Flappy Bird clones reportedly rolled in to the App Store at a rate of 60 games per day over the course of four days, according to numbers crunched by Pocket Gamer. The data comes from an investigation into 300 games that were deemed rip-offs of Dong Nguyen's former tap-to-flap mobile arcade game, averaging out to 2.5 clones arriving on the App Store per hour, or one per 24 minutes.
The data was pulled from games submitted between February 28 and March 3, and due to Apple's staggered release schedule, as many as 14 "Flappy" games arrived in the span of an hour at points. Pocket Gamer defined its use of the term "clone" in this case as "any game in which you guide some character through an obstacle course of pipes (or similar objects) hanging from the ceiling and sticking out of the ground." To be sure, Flappy Bird itself wasn't a particularly novel concept, but the rise in games that mimicked its exact style appeared to be unmistakable to the data gatherers.

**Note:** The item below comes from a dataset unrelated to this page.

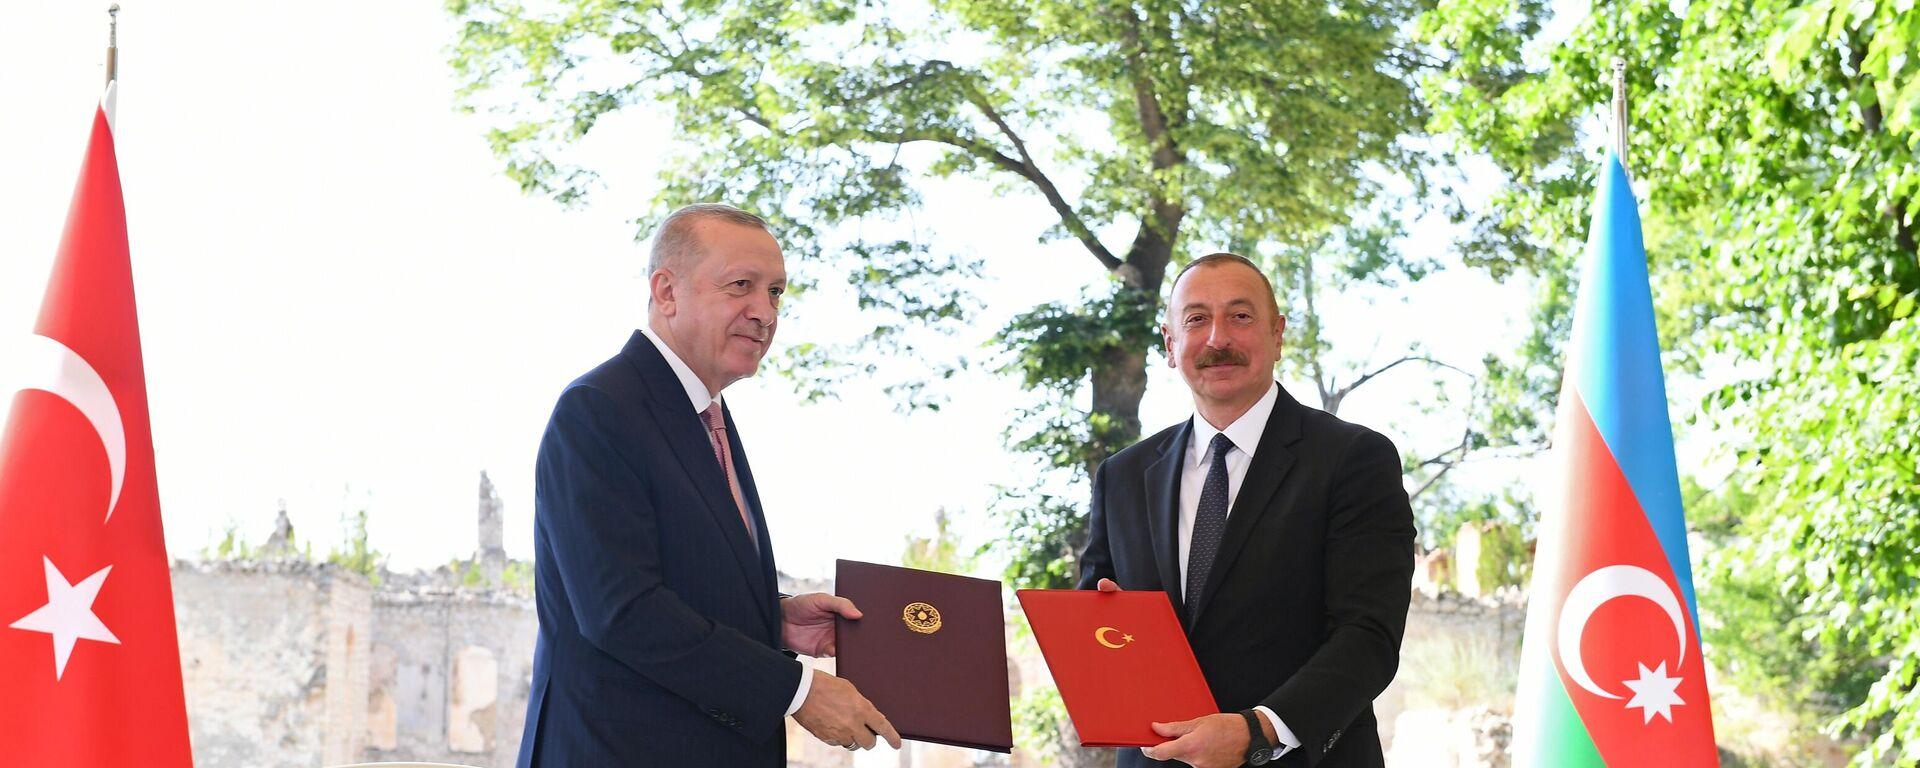 Recep Tayyip Erdogan, el presidente de Turquía (izda.), con su homólogo azerí Ilham Aliyev (dcha.) firmando una declaración de relaciones aliadas  - Sputnik Mundo, 1920, 15.06.2021

Nguyen announced plans to pull Flappy Bird from the Google Play and App Stores on February 8, and later rationalized the decision by deeming it an "addictive product." After Nguyen pulled the game, indie developers participated in a "Flappy Jam" development challenge, which included entries from the likes of Super Hexagon creator Terry Cavanagh as well as punk band Fall Out Boy.